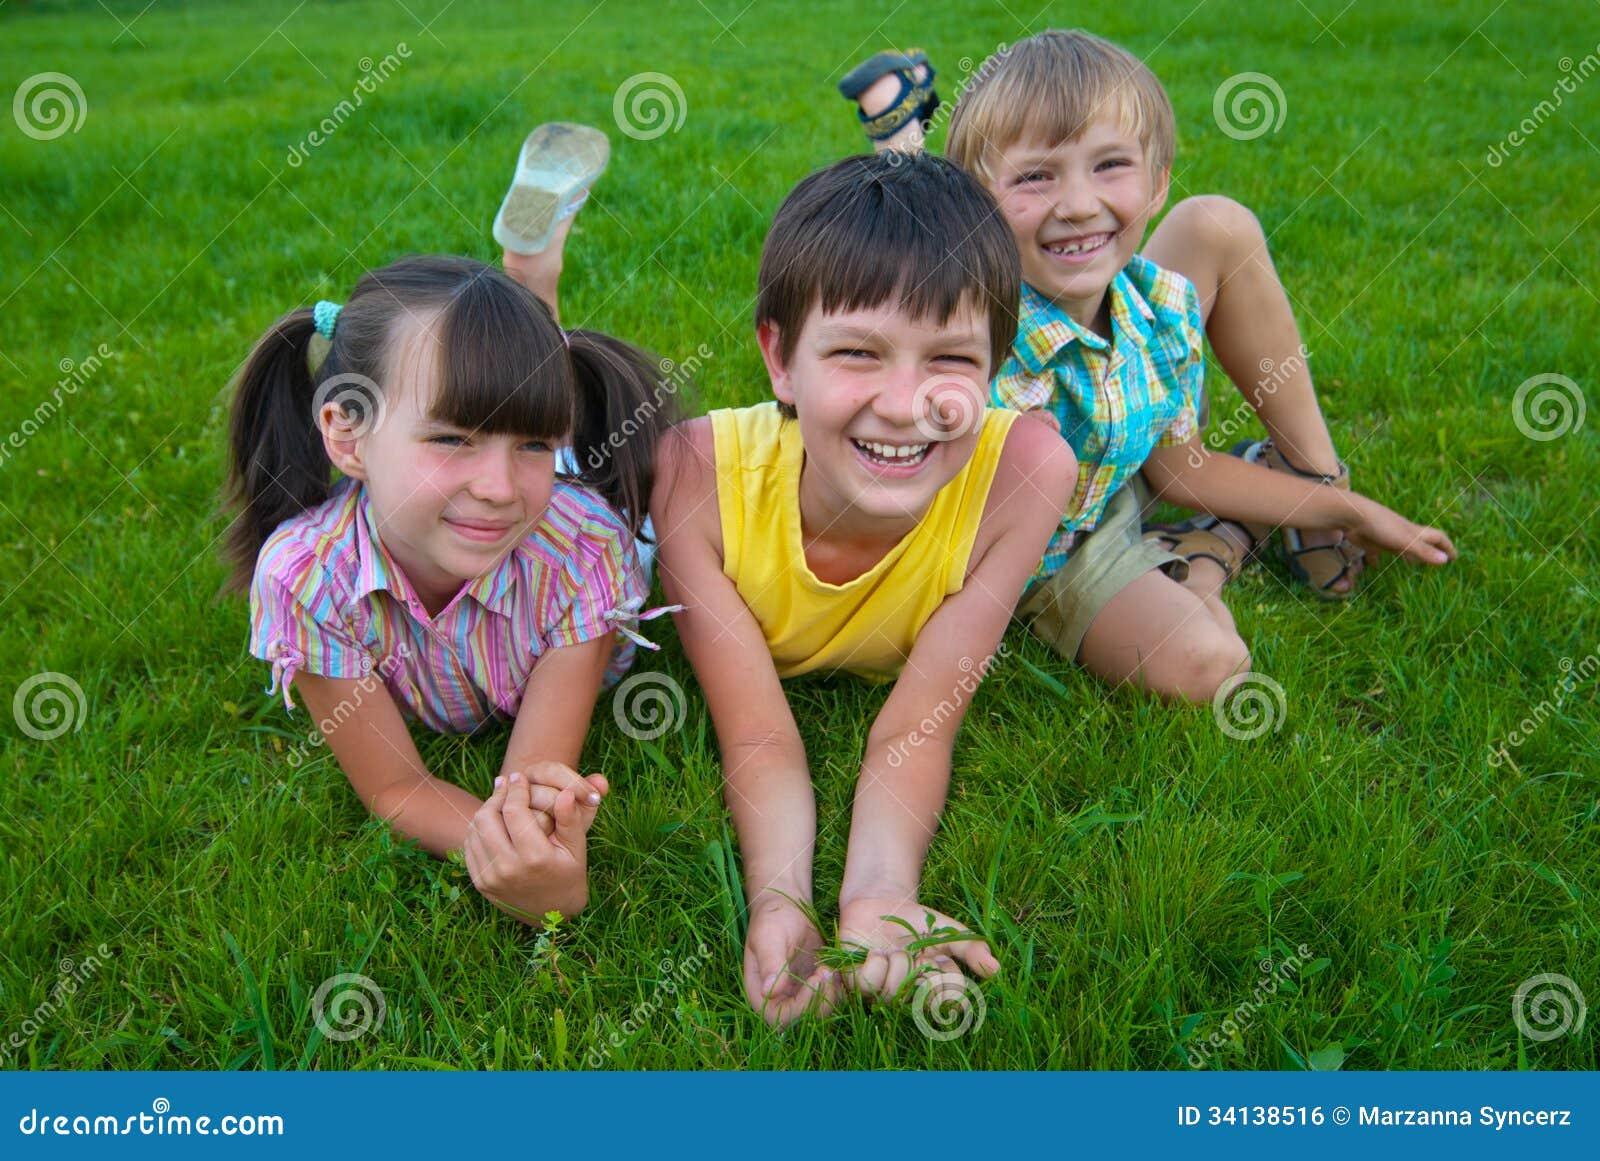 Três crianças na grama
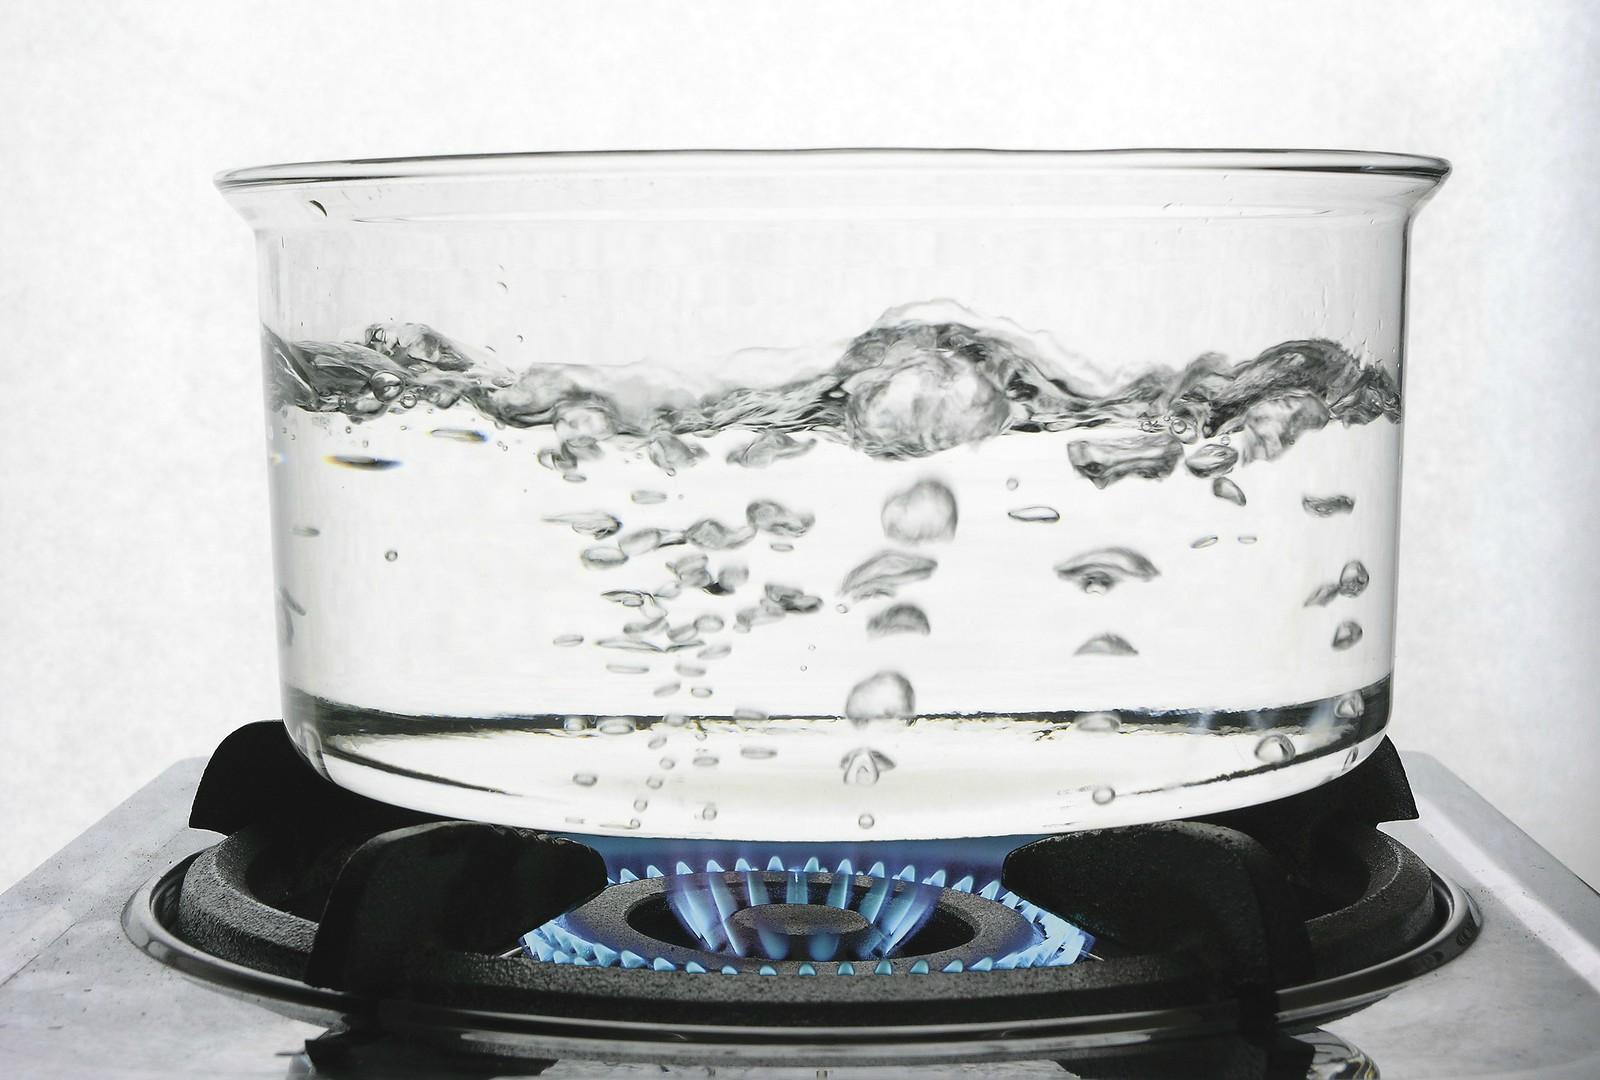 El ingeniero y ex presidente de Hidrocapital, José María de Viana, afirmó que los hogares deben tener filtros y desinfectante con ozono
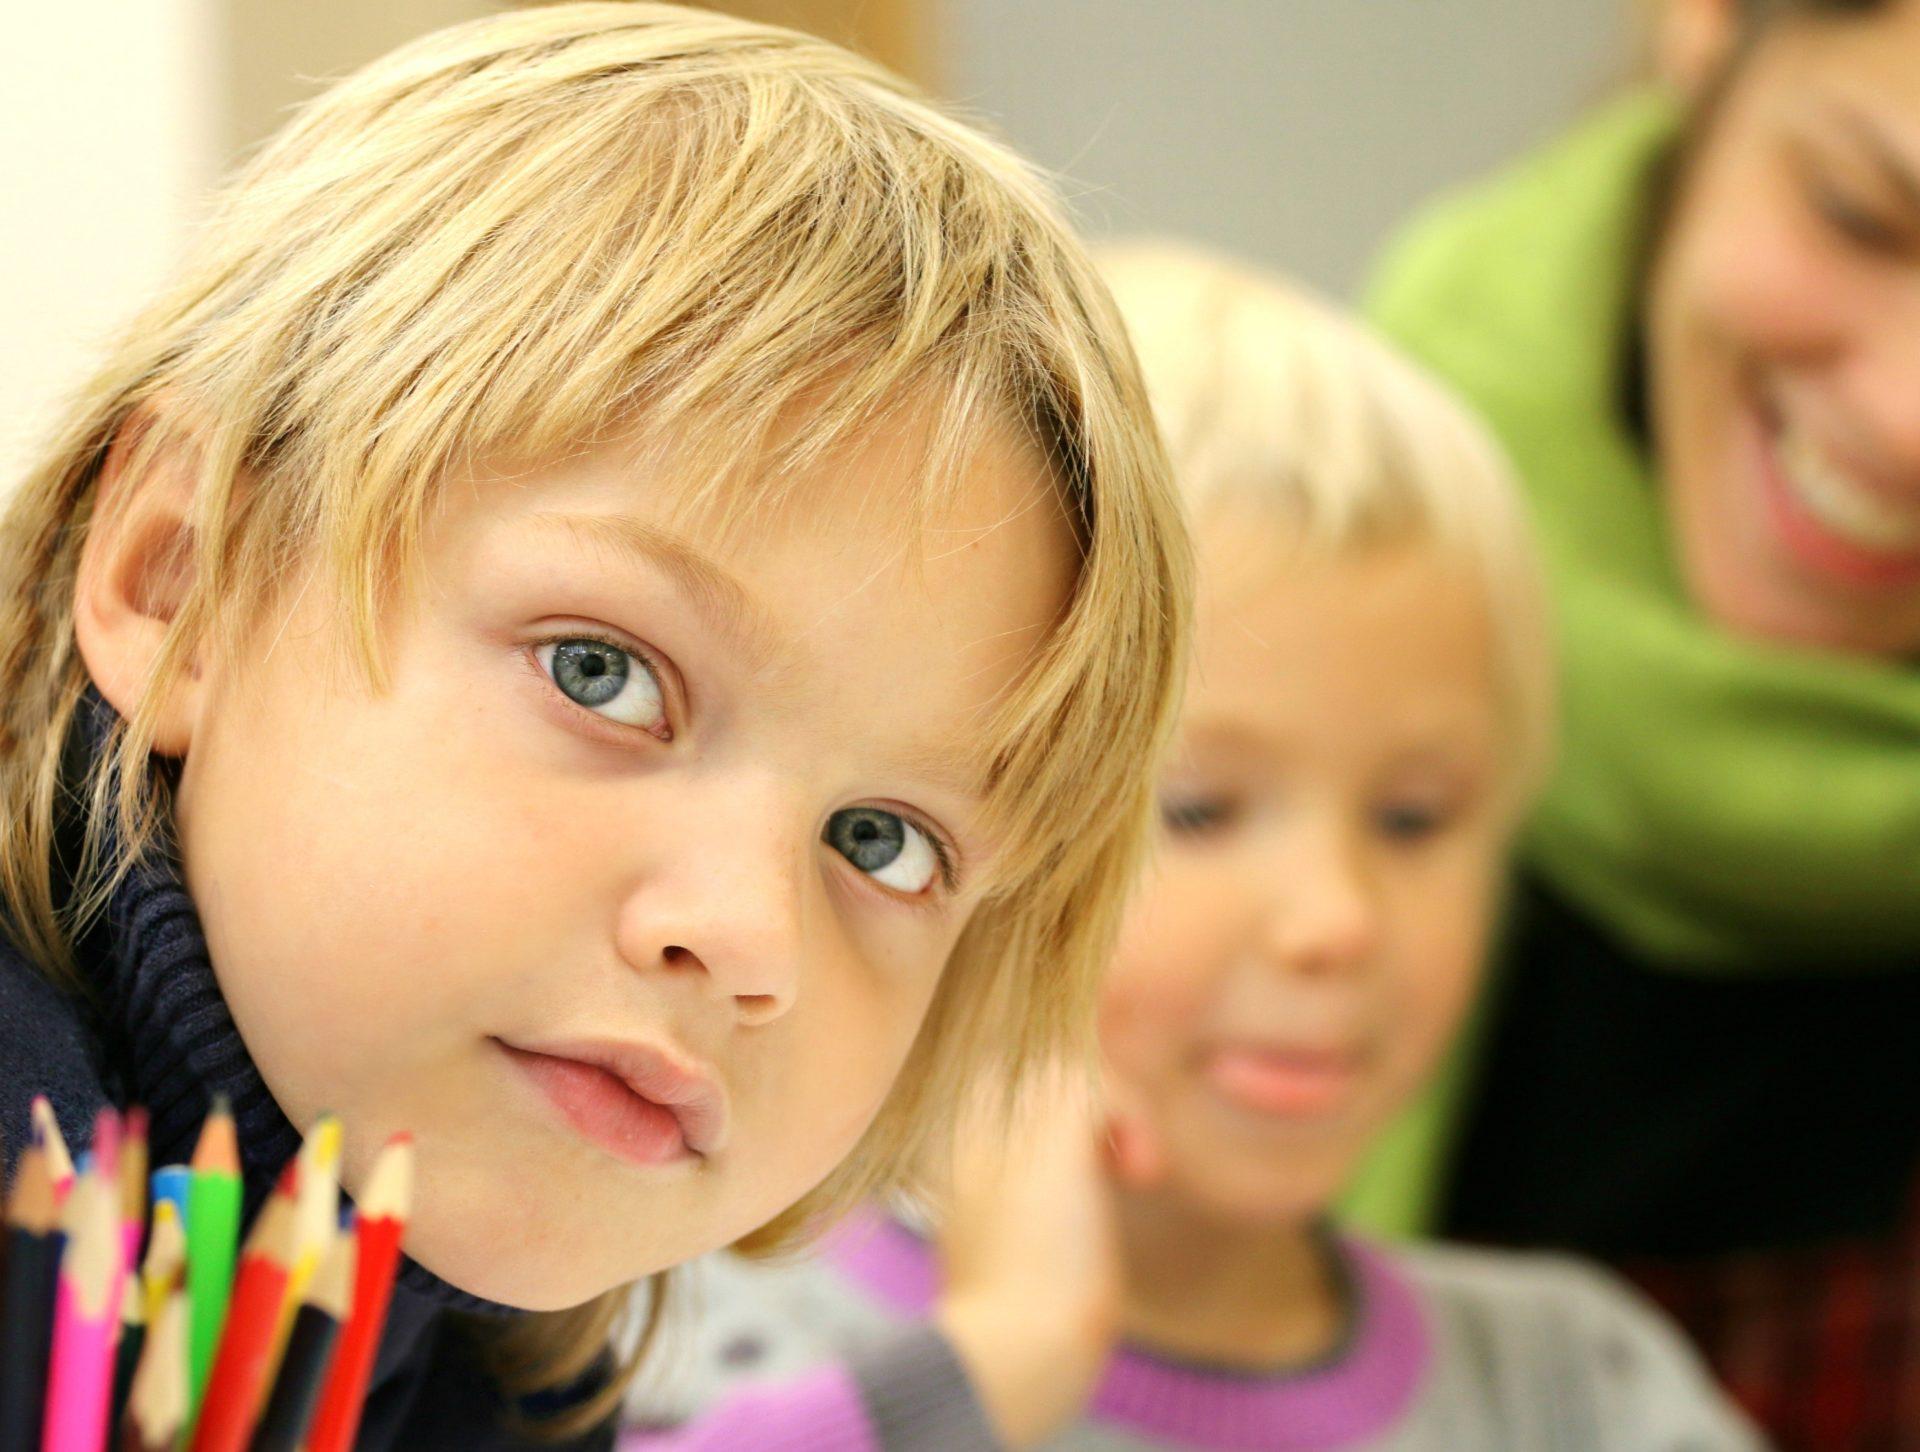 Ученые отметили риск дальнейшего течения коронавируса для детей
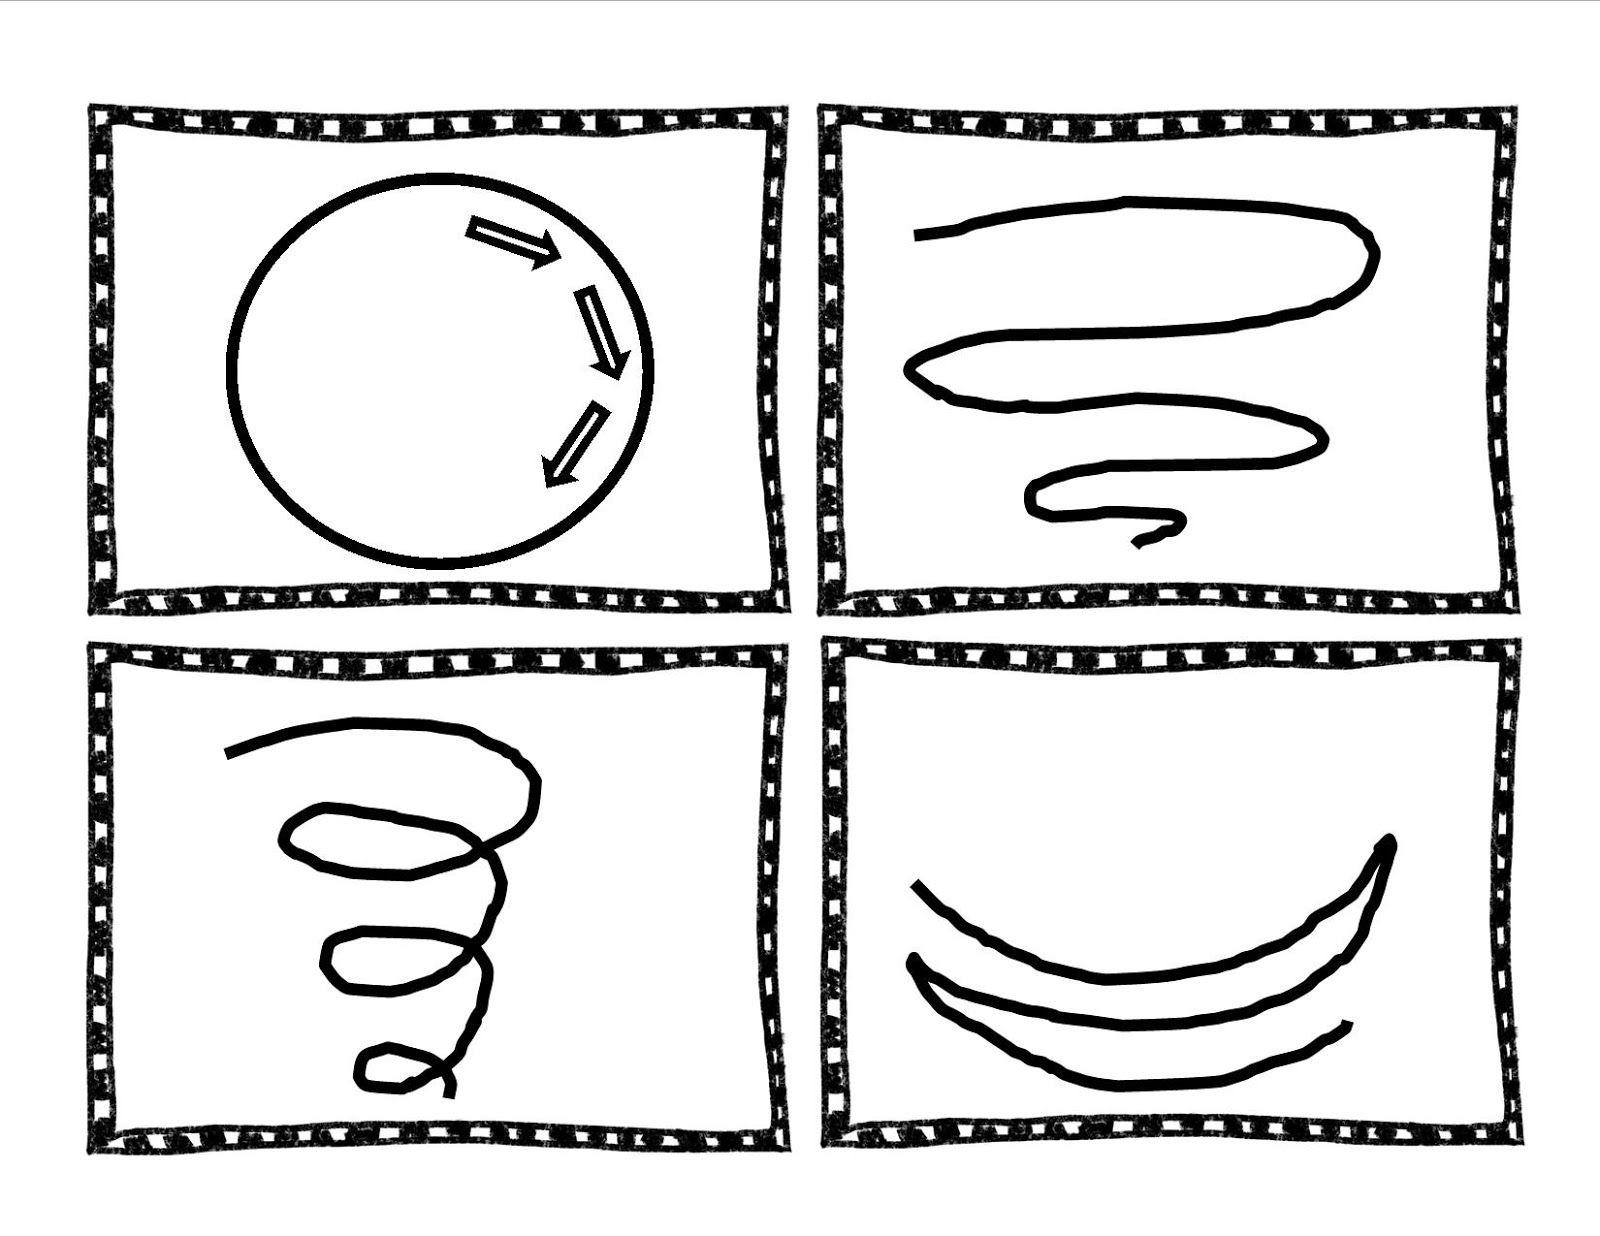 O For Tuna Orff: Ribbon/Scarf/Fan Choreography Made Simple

## [Requirement]
Please reproduce the material above word for word, without its images.

## [Task solution]
 Três crianças na grama
 El ingeniero y ex presidente de Hidrocapital, José María de Viana, afirmó que los hogares deben tener filtros y desinfectante con ozono
 Ученые отметили риск дальнейшего течения коронавируса для детей
 O For Tuna Orff: Ribbon/Scarf/Fan Choreography Made Simple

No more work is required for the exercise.